Les avant-gardes de l’après-guerre sont représentées par des artistes plus méconnus mais dignes d’attention tels que Djoka Ivackovic, entre l’abstraction gestuelle d’un Soulages et l’action painting américaine de part l’implication physique singulière de l’artiste dans son œuvre, l’improvisation à l’œuvre dans le processus créatif, le coloris ou encore une encre de René Laubiès.

Pierrette Bloch, sans titre, 2012 
Silvia Bächli, rhomb (n°1), 2015
Du côté de la contemporanéité, on peut noter une très belle suite de dessins de Pierrette Bloch, « sans titre », 2012, qui mêlent de façon novatrice pastel et fusain et rompt ainsi avec son usage prédominant de l’encre de chine. « Sans titre », du danois Per Kirkeby, 1983, suite de dessins nerveux en noir et blanc, en technique mixte (encre, craie, mine) et quasiment abstraits. « Les bourgeois passent… », 1968, où l’artiste américaine Nancy Spero rend hommage à Jean Genet tout en reprenant des motifs d’œuvres antérieures réalisées contre la guerre du Vietnam tels que des victimes rampant. « Rhomb (Nr. 1) », 2015, assemblage de quatre gouaches de Silvia Bächli produisant une composition complexe à partir de la répétition d’un même motif.

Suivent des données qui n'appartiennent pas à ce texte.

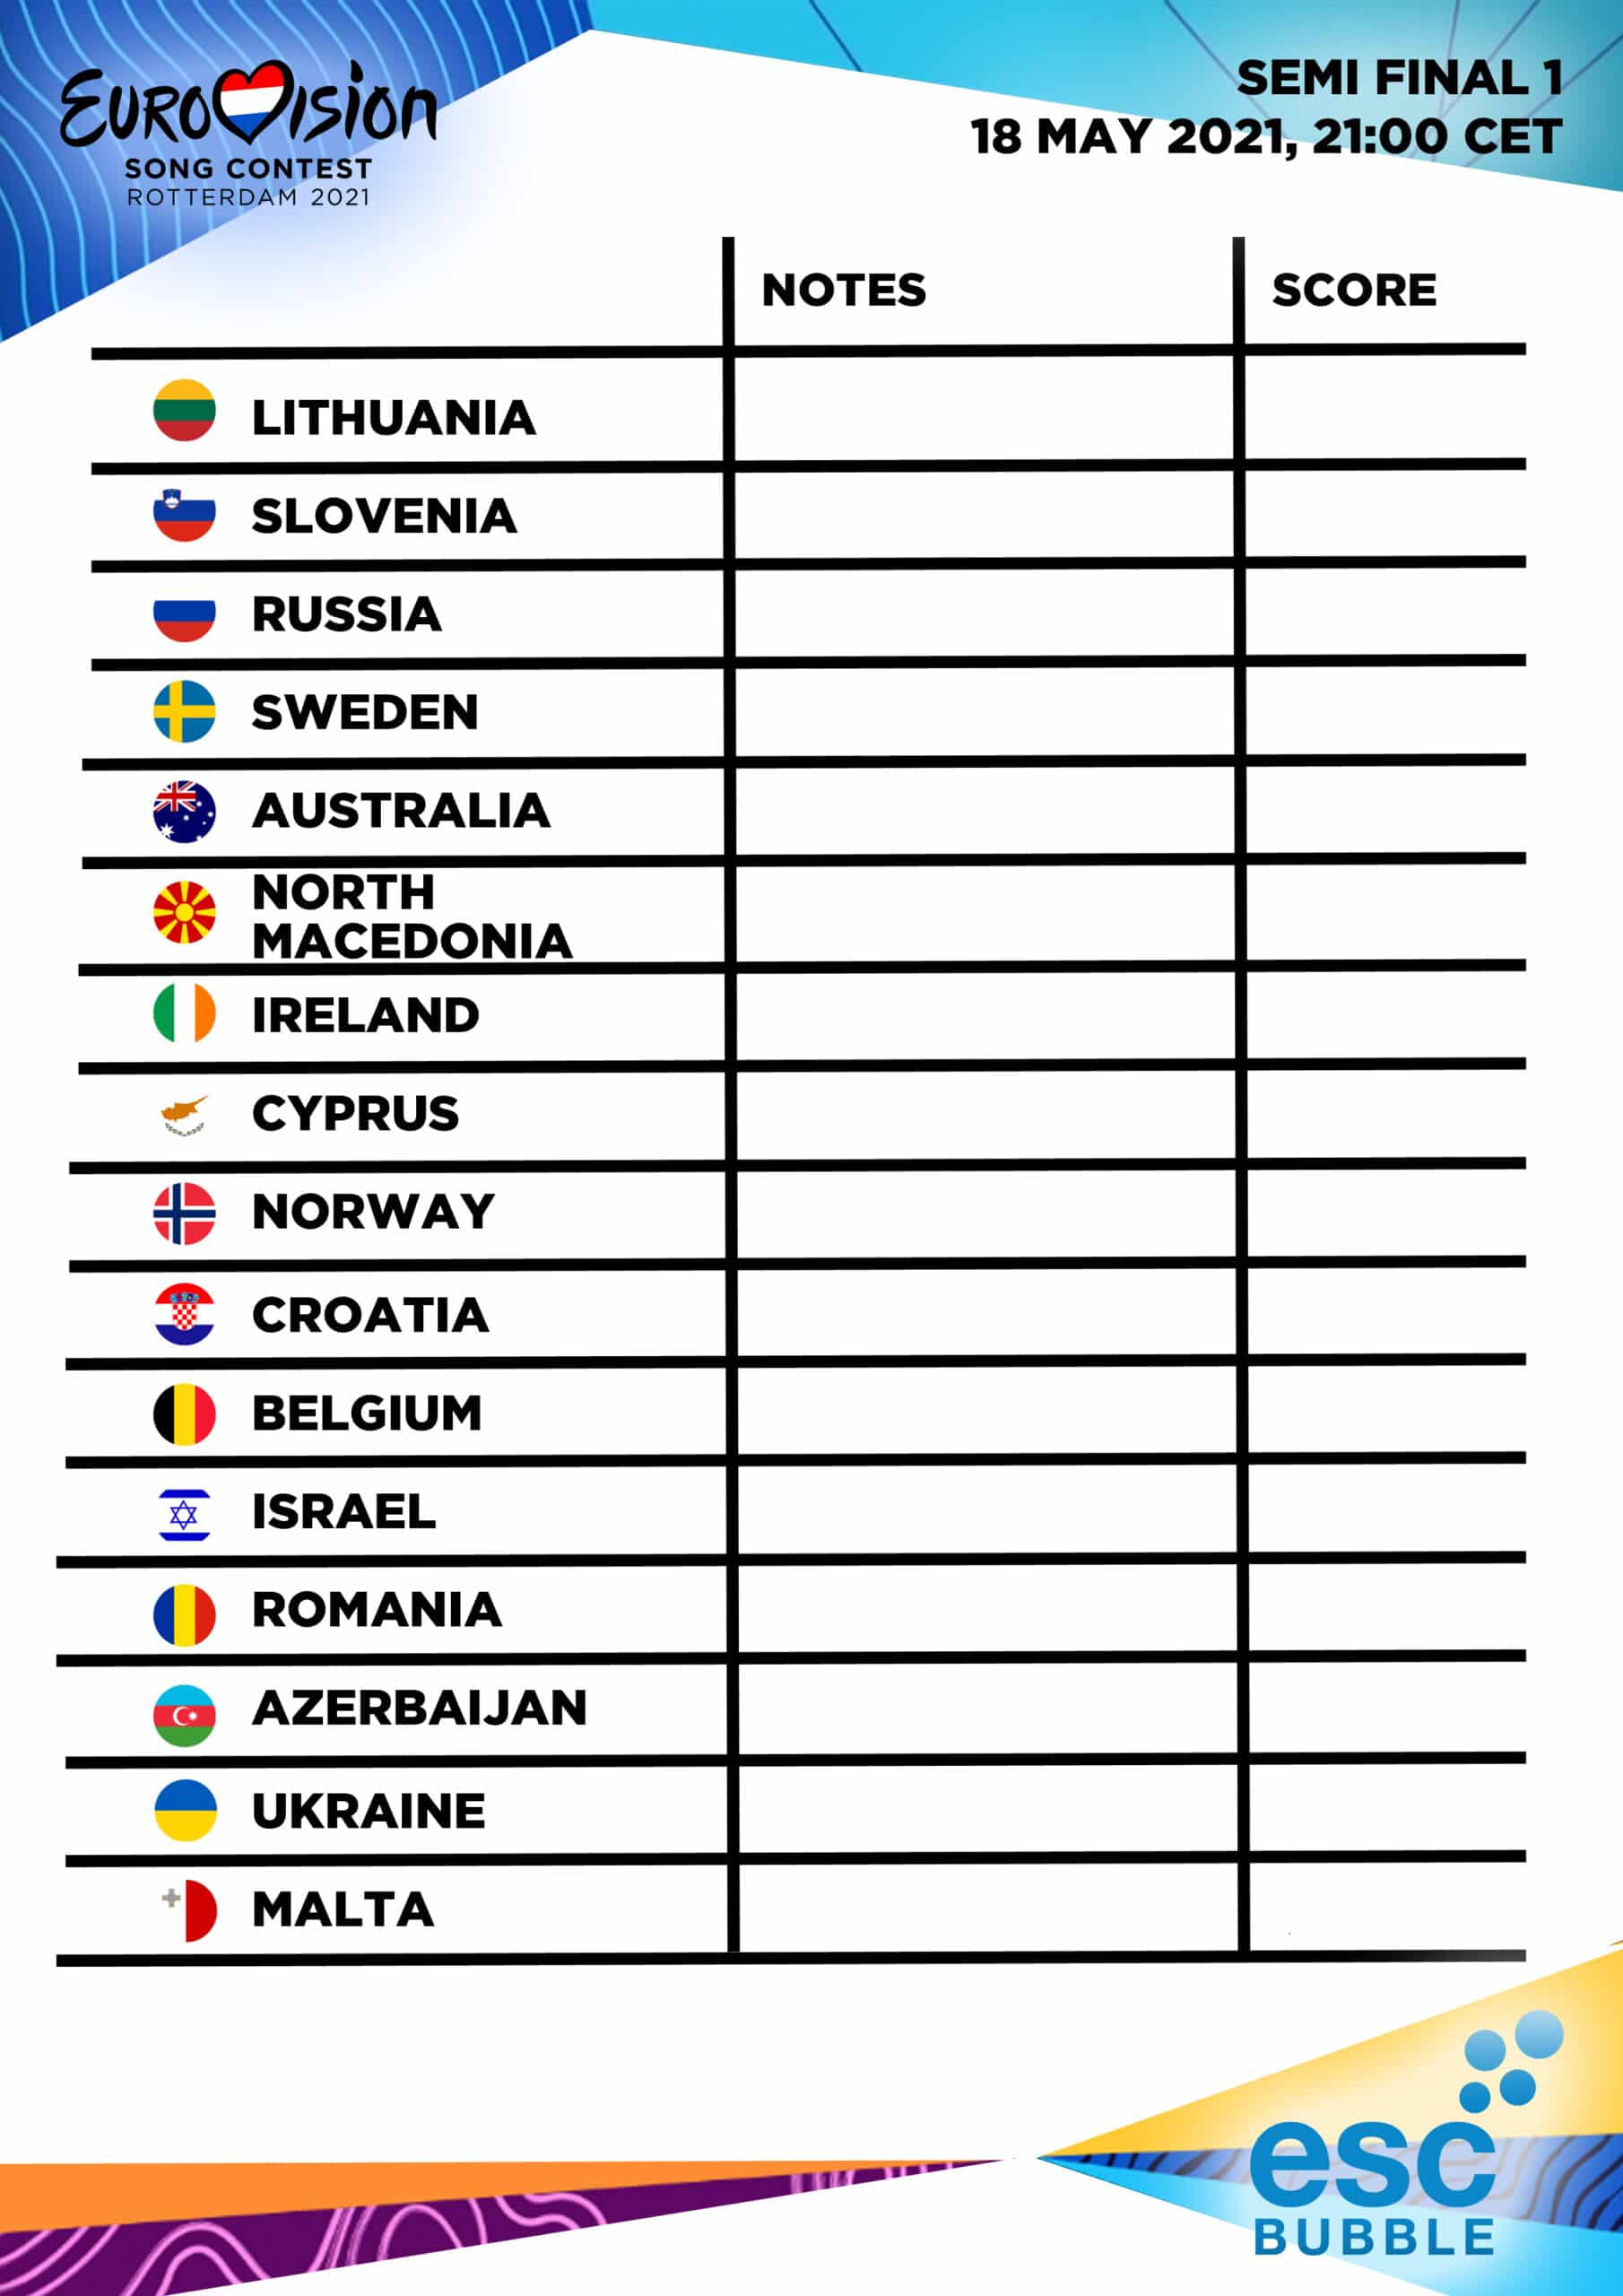 Eurovision 2021 Final Scoreboard / Gvjiwurrup1ndm / Watch the grand

Une très belle série de fusains de l’artiste iranien Ali Banisadr, au trait dense et quelque peu inquiétant et où se fondent de multiples références (miniature persane, graffiti ou bande dessinée…). Une suite de dessins de John Cage réalisés à partir de l’empreinte de cordelettes encrées sur le papier et dont les caractéristiques s’inspirent d’un livre de divination chinois…A voir !

Carl Andre, 144 Tin square, 1975 
Larry Bell et Donald Judd
De même que l’accrochage actuel des collections permanentes et notamment un bel ensemble d’œuvres minimalistes et d’Arte Povera dont le « 144 Tin square », 1975, de Carl Andre qui nous accueille à l’entrée du musée contemporain et que pourtant bien peu de visiteurs remarquent.